The English civil wars loom large in seventeenth-century history
and literature. This period, which culminated in the execution of a
king, the dismantling of the Established Church, the inauguration
of a commonwealth, and the assumption of rule by a lord protector,
was one of profound change and disequilibrium. Focusing on writers
as major as Milton, Marvell, Herrick, and Vaughan, and as
misunderstood as Fane, Overton, and the poet Eliza, the fifteen
essays in this collection discuss not only the representation of
the civil wars but also the ways in which the civil wars were
anticipated, refigured, and refracted in the century's literary
imagination.
Although all of the essays are historically grounded and
critically based, they vary widely in their historical perspectives
and critical techniques, as well as in their scope and area of
concentration.
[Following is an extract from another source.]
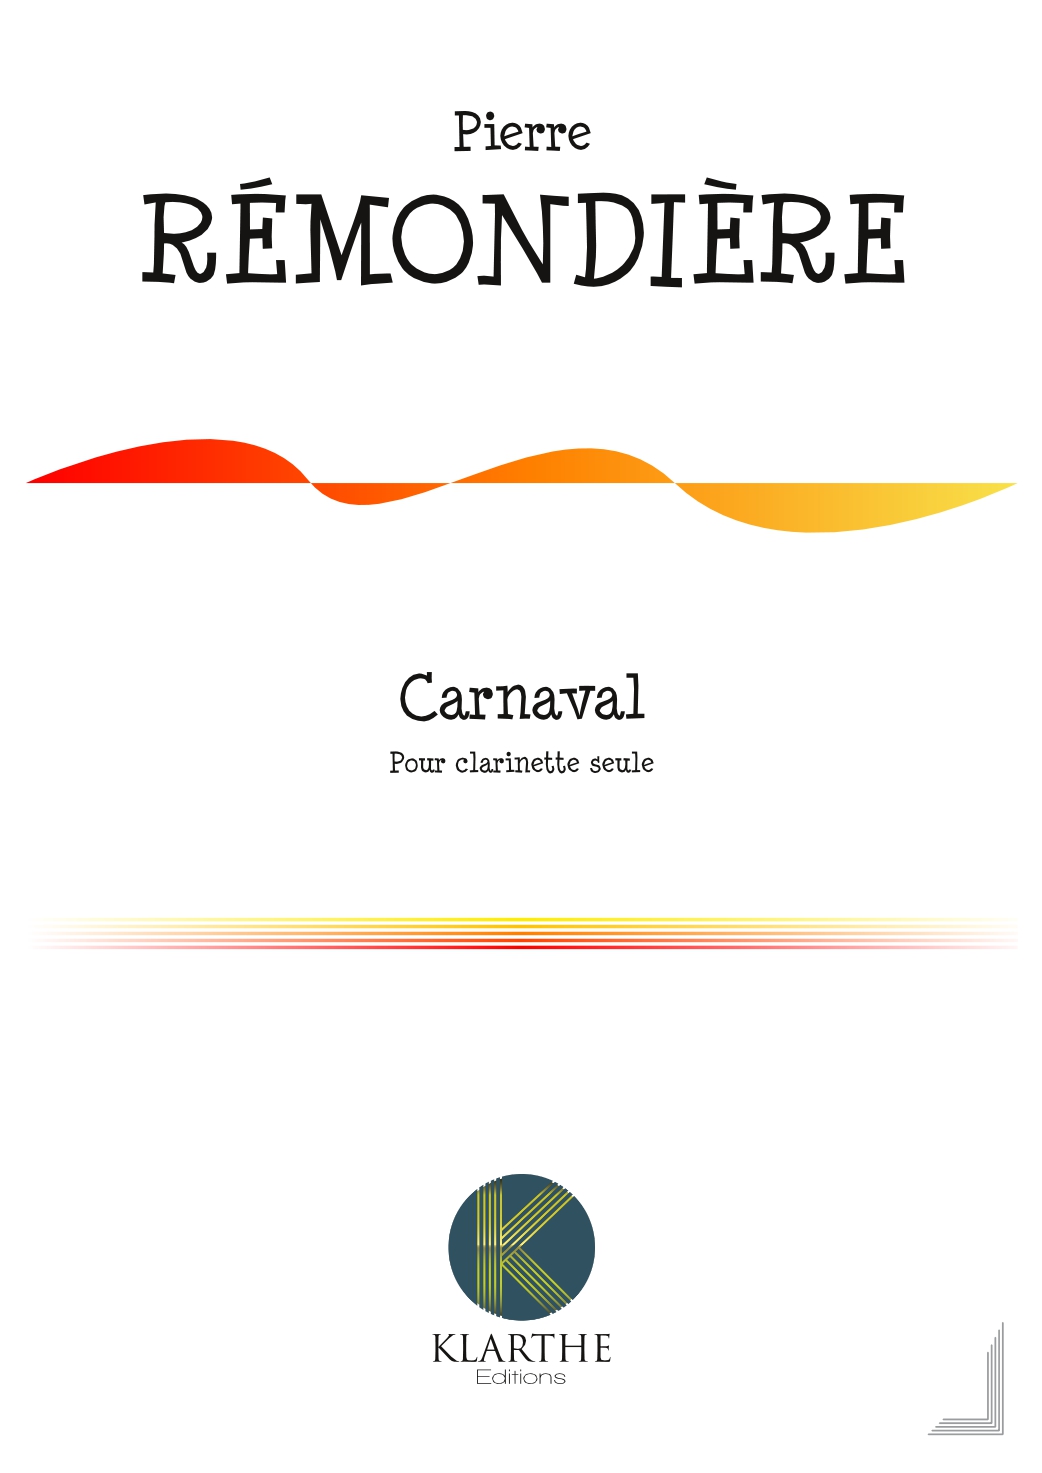 Carnaval (REMONDIERE PIERRE)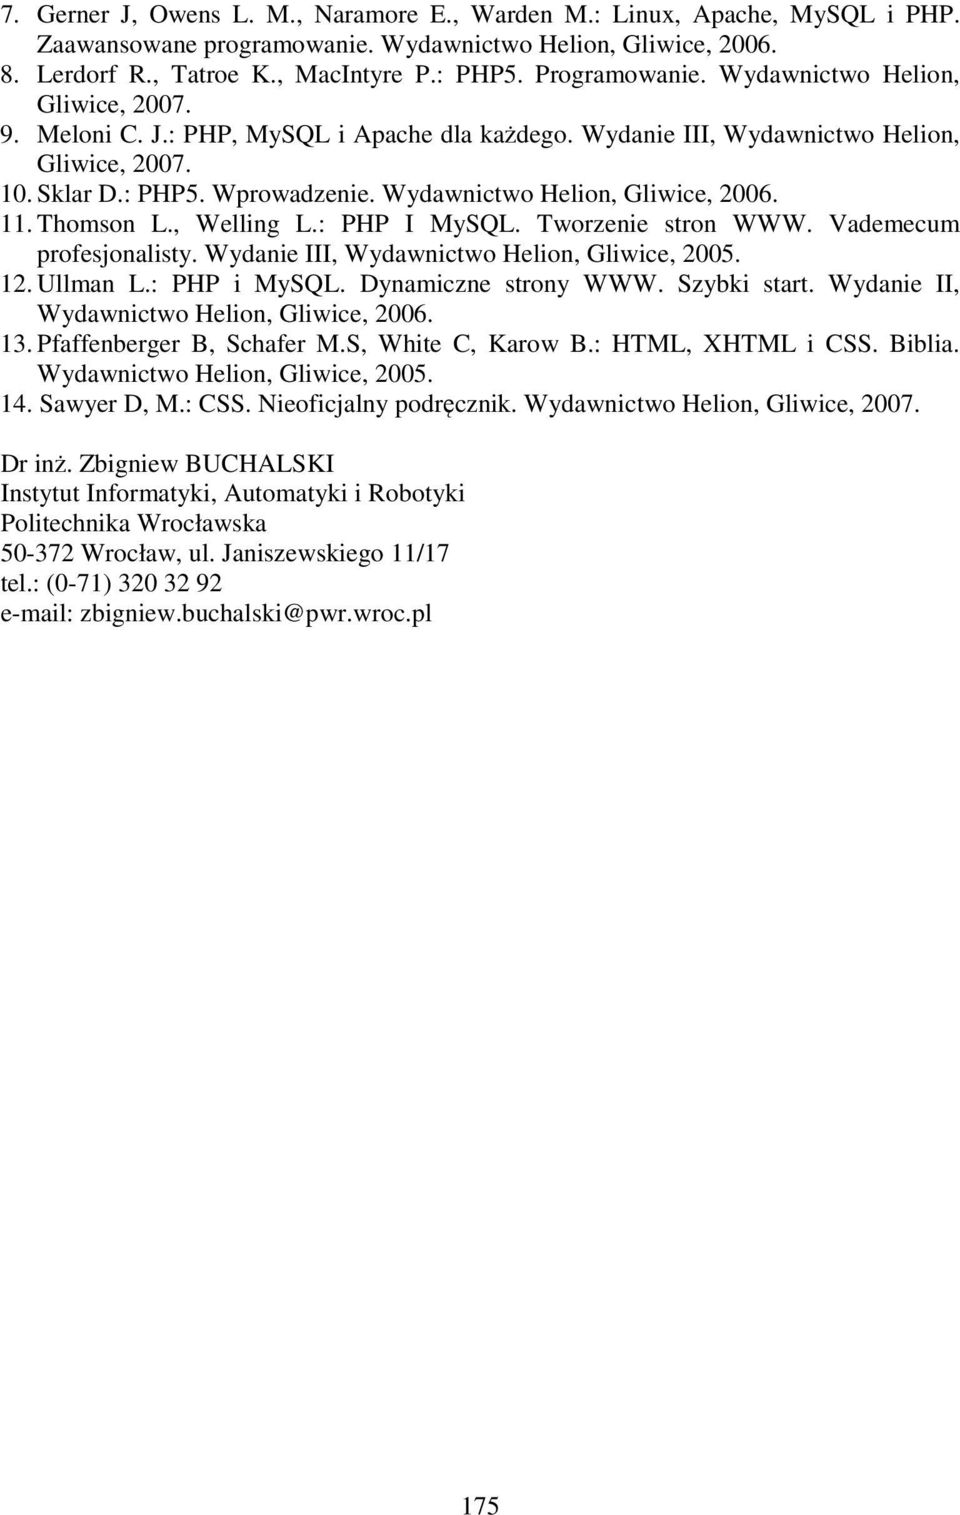 Wydawnictwo Helion, Gliwice, 2006. 11. Thomson L., Welling L.: PHP I MySQL. Tworzenie stron WWW. Vademecum profesjonalisty. Wydanie III, Wydawnictwo Helion, Gliwice, 2005. 12. Ullman L.: PHP i MySQL.

Six of the essays are on Royalist literary figures,
six are on figures traditionally associated with the
Parliamentarian side of the civil wars, two consider both, and the
remaining essay examines how Royalist writers refashioned a puritan
literary trope.
Unified through the contributors' concentration on "moderate"
voices and their recurrent concerns with the ambiguities of
literary response, "The English Civil Wars in the Literary
Imagination" provides an important understanding of the English
civil wars' manifold and sometimes indirect presence in the
literature of the period.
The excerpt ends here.